А скоро моя теща уехала жить к старшему сыну. Рассказывать ничего не буду. Не очень приятная это история. Плохая. Последние четыре года она прожила с нами. И хоть стала она совсем старенькой, но по натуре осталась той же гордой и непреклонной тетей Аней. Все горе через себя, через сердце. Такой же и умерла.
А через два года тяжело умирала и моя матушка, моя Муза. Муза Васильевна. И все внуки были при ней. И правнук – Пашка. Когда ее везли на каталке из реанимации до лифта, мать держала меня за руку и все просила и просила у меня травяной живительной настойки, которую дала ей ее подруга, тетя Шура.
— У меня от нее все проходит. Мне легко от нее.
Она умоляла, а я не дал. Это была обыкновенная водка с какой-то травой. Легче становилось, конечно, от водки. Я не знаю, может быть надо было и дать ей эту настойку. Просто я этим сам себя мучаю и вижу в этом причину, что не столько, сколько надо было, отдал я любви своей матушке. И, наверное, да нет, точно, будь мы чуток поближе, да понежнее, может, и прожили бы наши родители подольше. Да нет. Здесь всего помаленьку. И время наше, чисто российское, с ее бесконечными и вечными экспериментами над людьми. И куда ни глянь, что только и вспоминаешь: то война, то разруха, то восстановление, то голод. И эти бесконечные революции и реформы. И все – над людьми. Постоянный и надежный только раздрай. Когда же мы жить-то начнем? Да, наверное, никогда, все выживать будем. Вечно.
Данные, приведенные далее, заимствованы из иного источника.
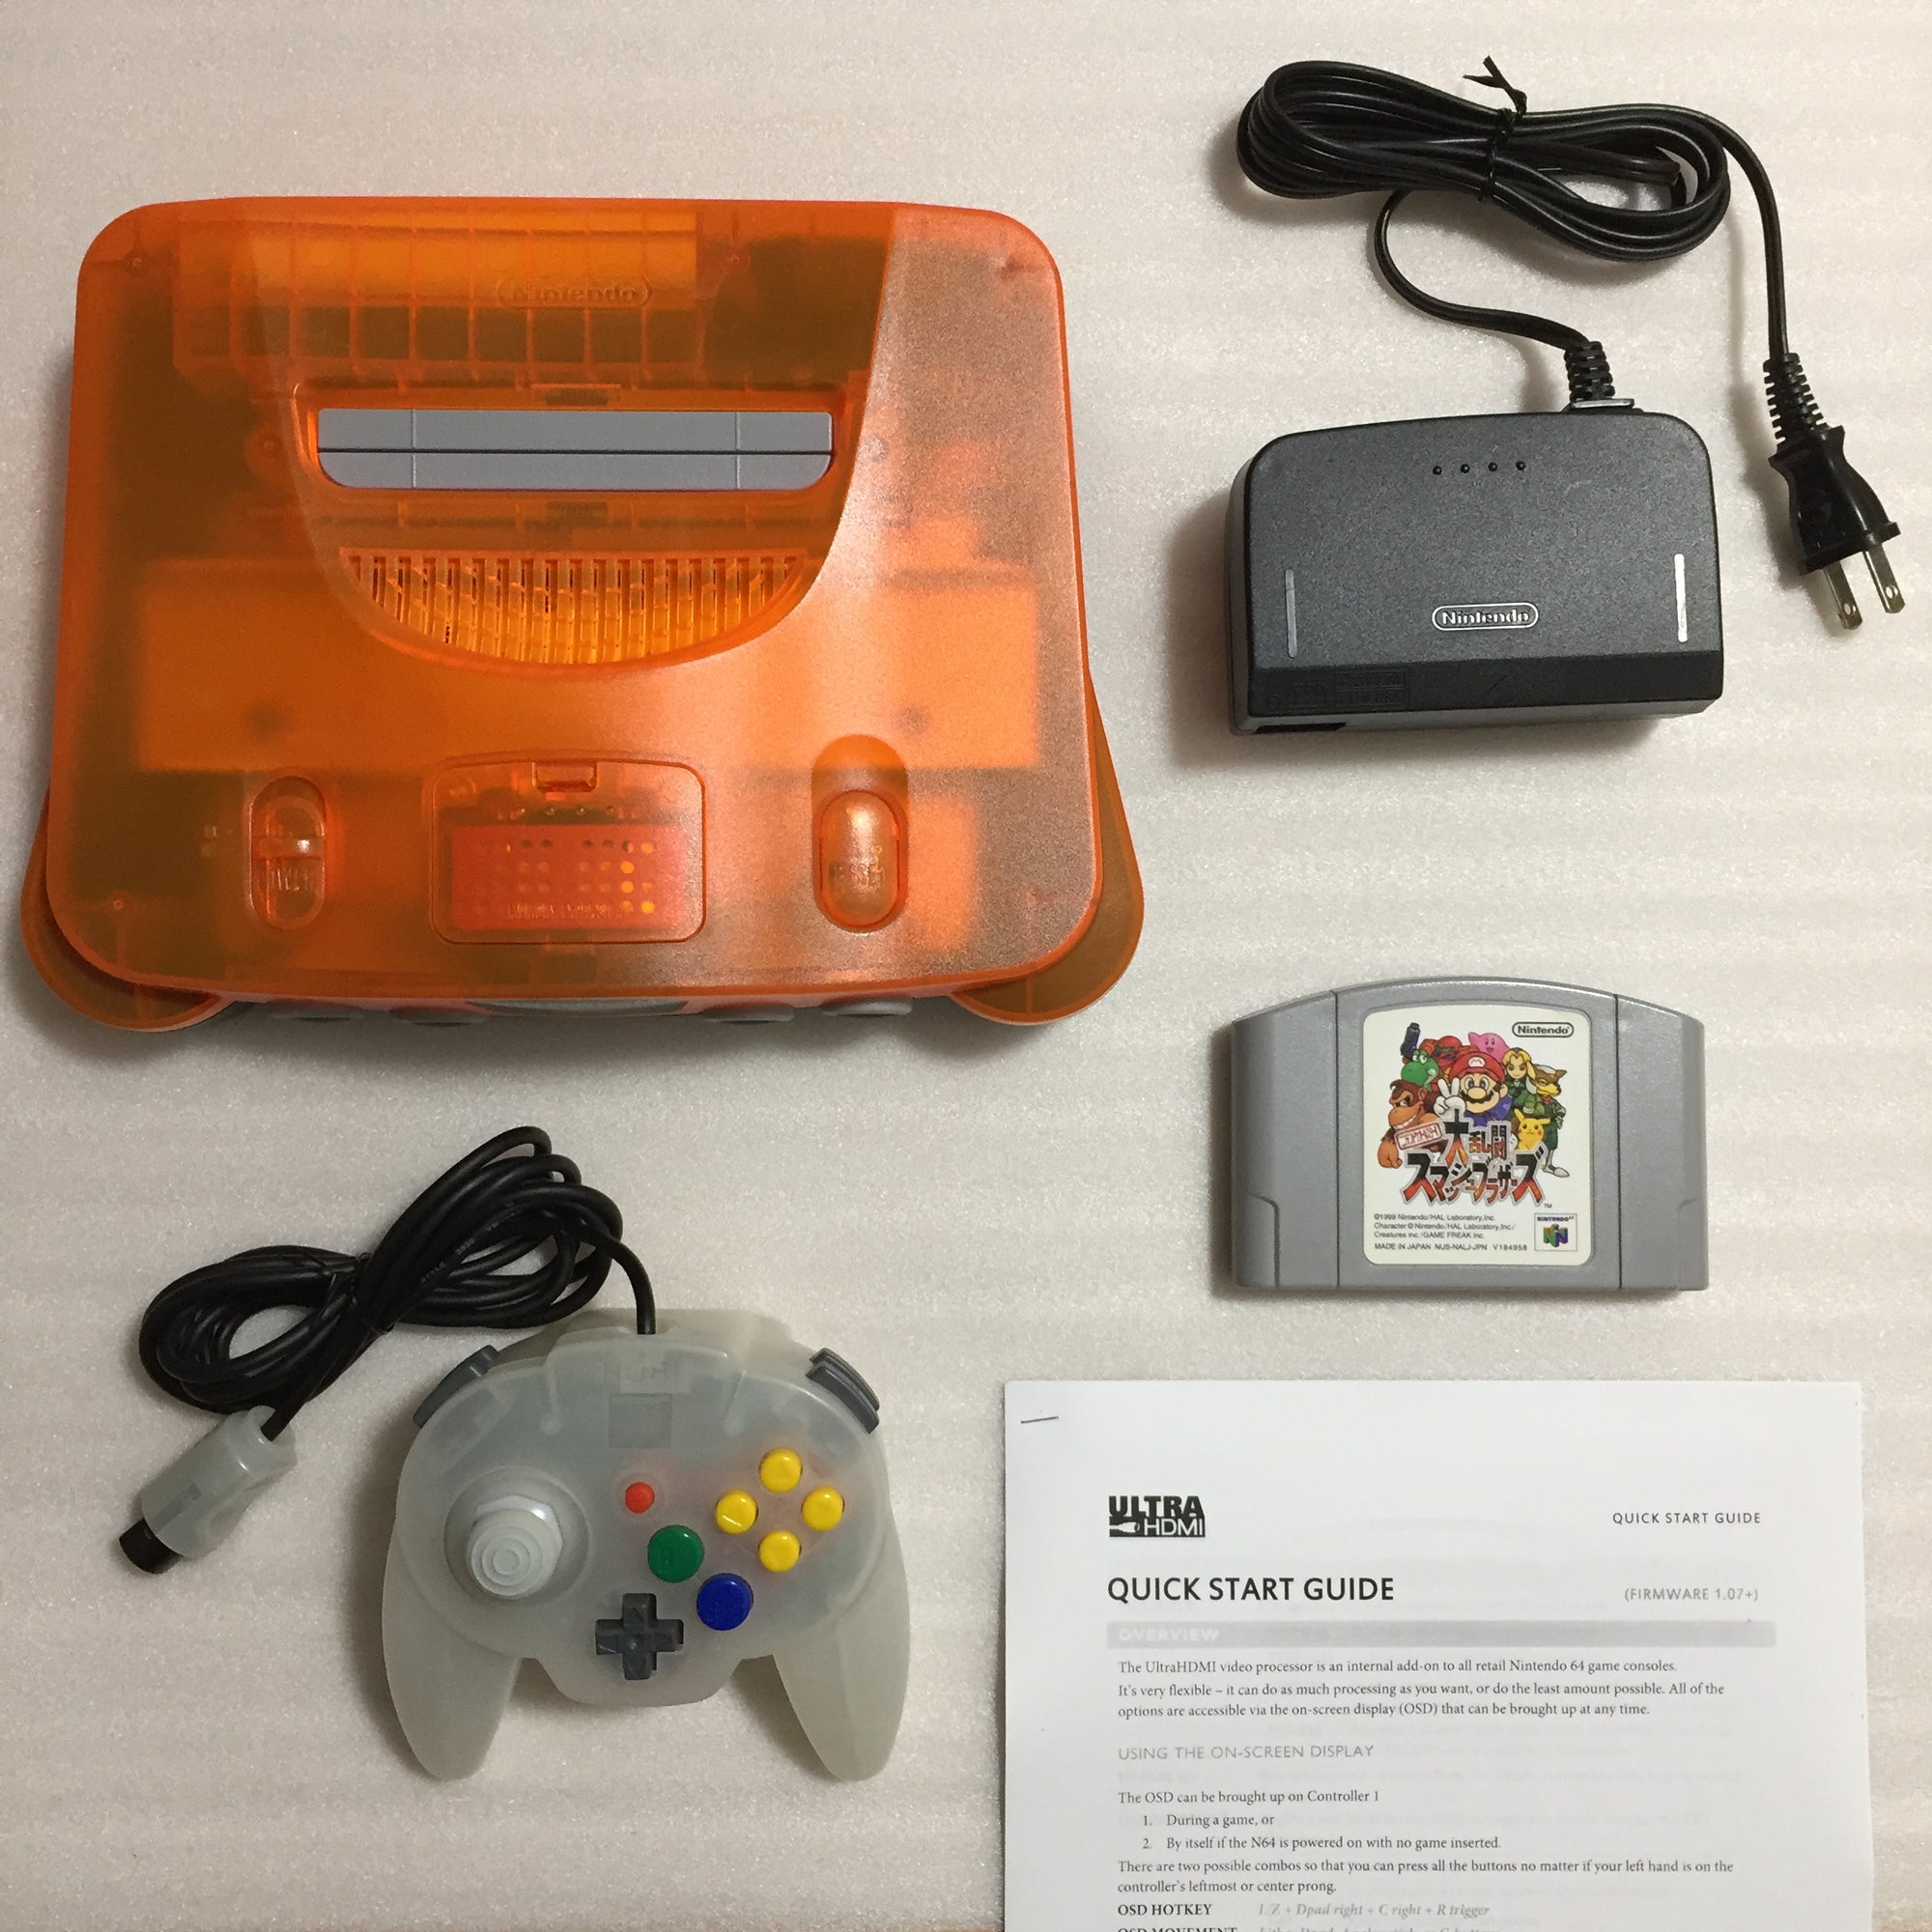 Daiei Hawks Nintendo 64 set with ULTRA HDMI kit - compatible with JP and US games
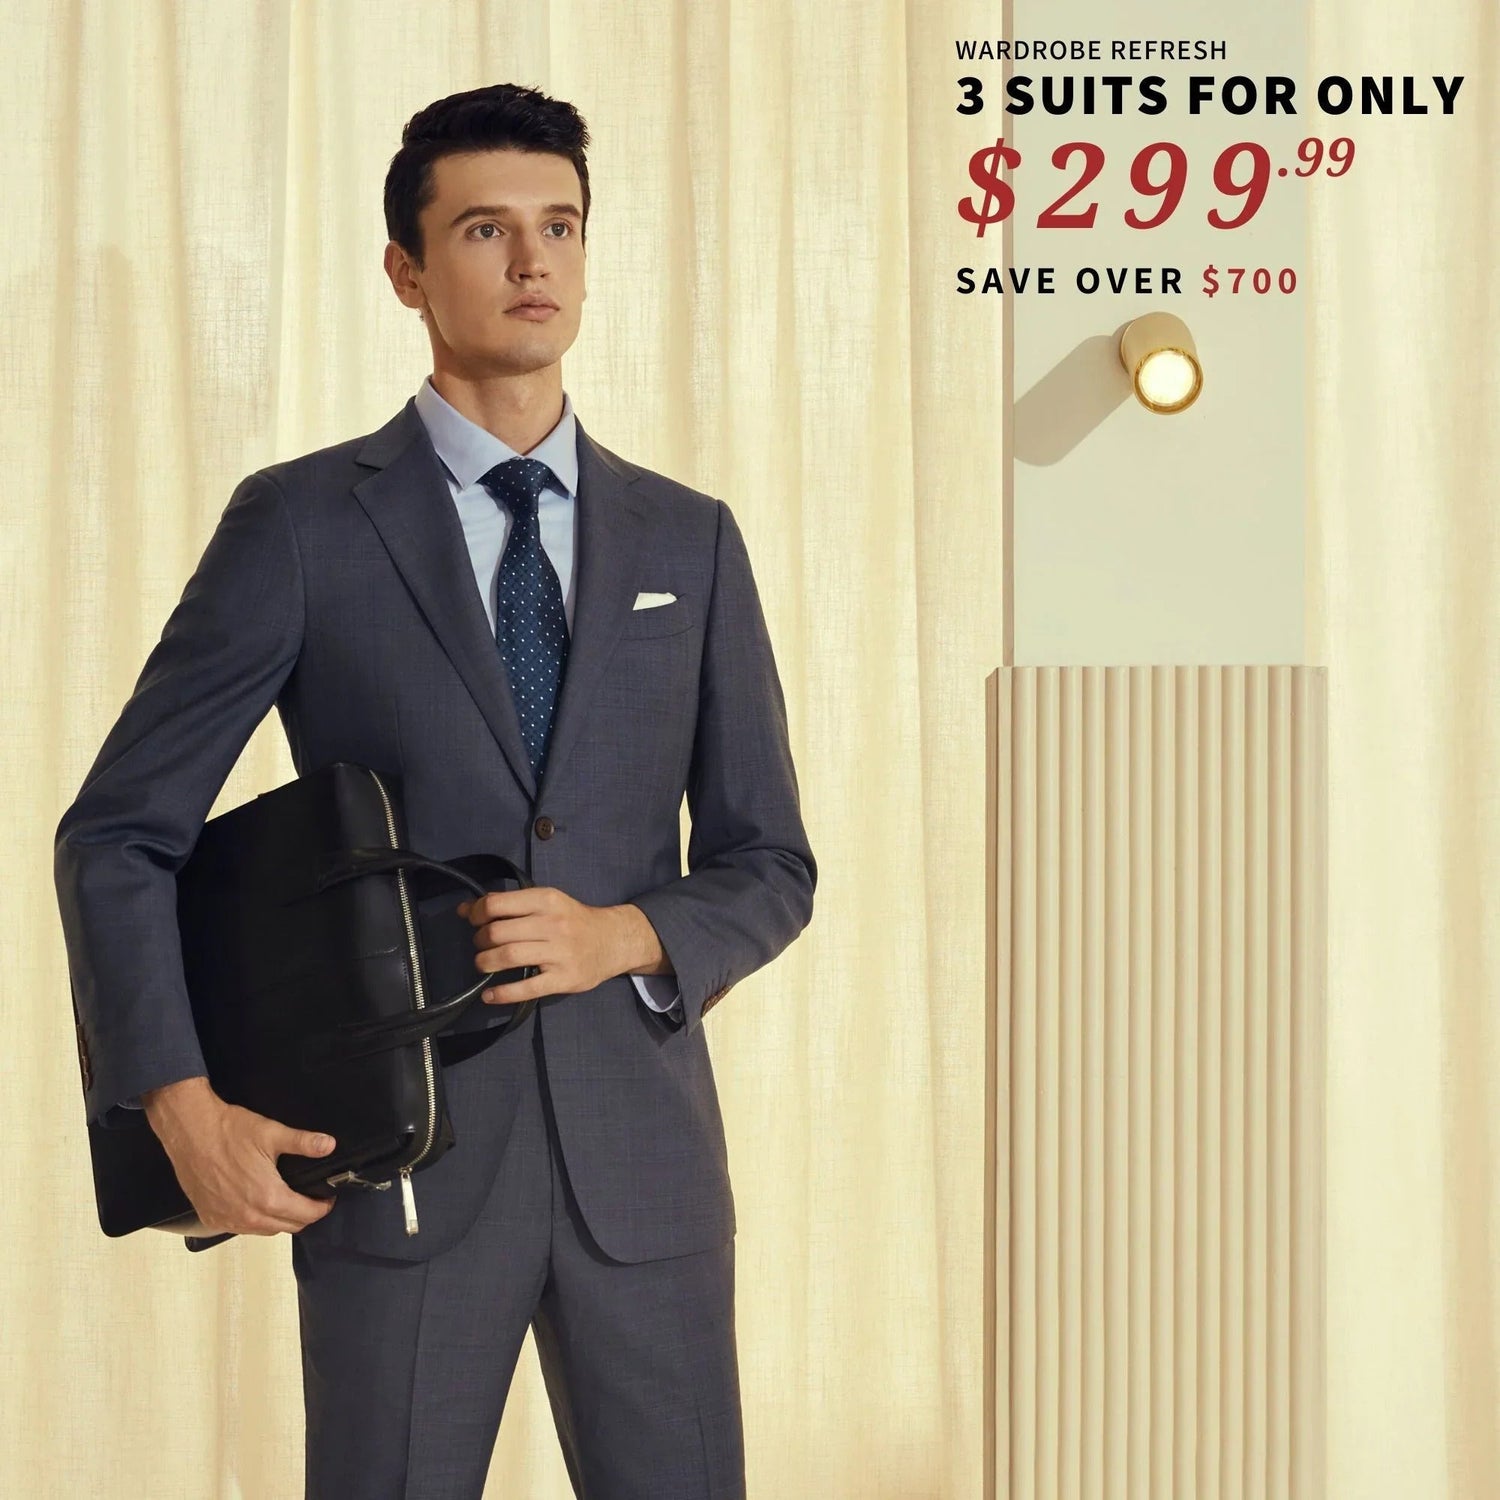 A man in a BYOB 3 Suits for $299 holding a briefcase.

Я всегда с болью и любовью вспоминаю моих родителей. Они любили не только нас, они любили своих людей, свою Родину. И это совсем не высокие слова. Это – правда. Потому, что смотрю я на своих детей и мне хорошо, что мы вырастили красивых, умных, любящих и честных людей. Пусть без больших денег, но честь свою несущих достойно, по-человечески, по-людски, по-отечески. Наверное, это наша кровная участь, наследственная. И дай Бог. Дай Бог.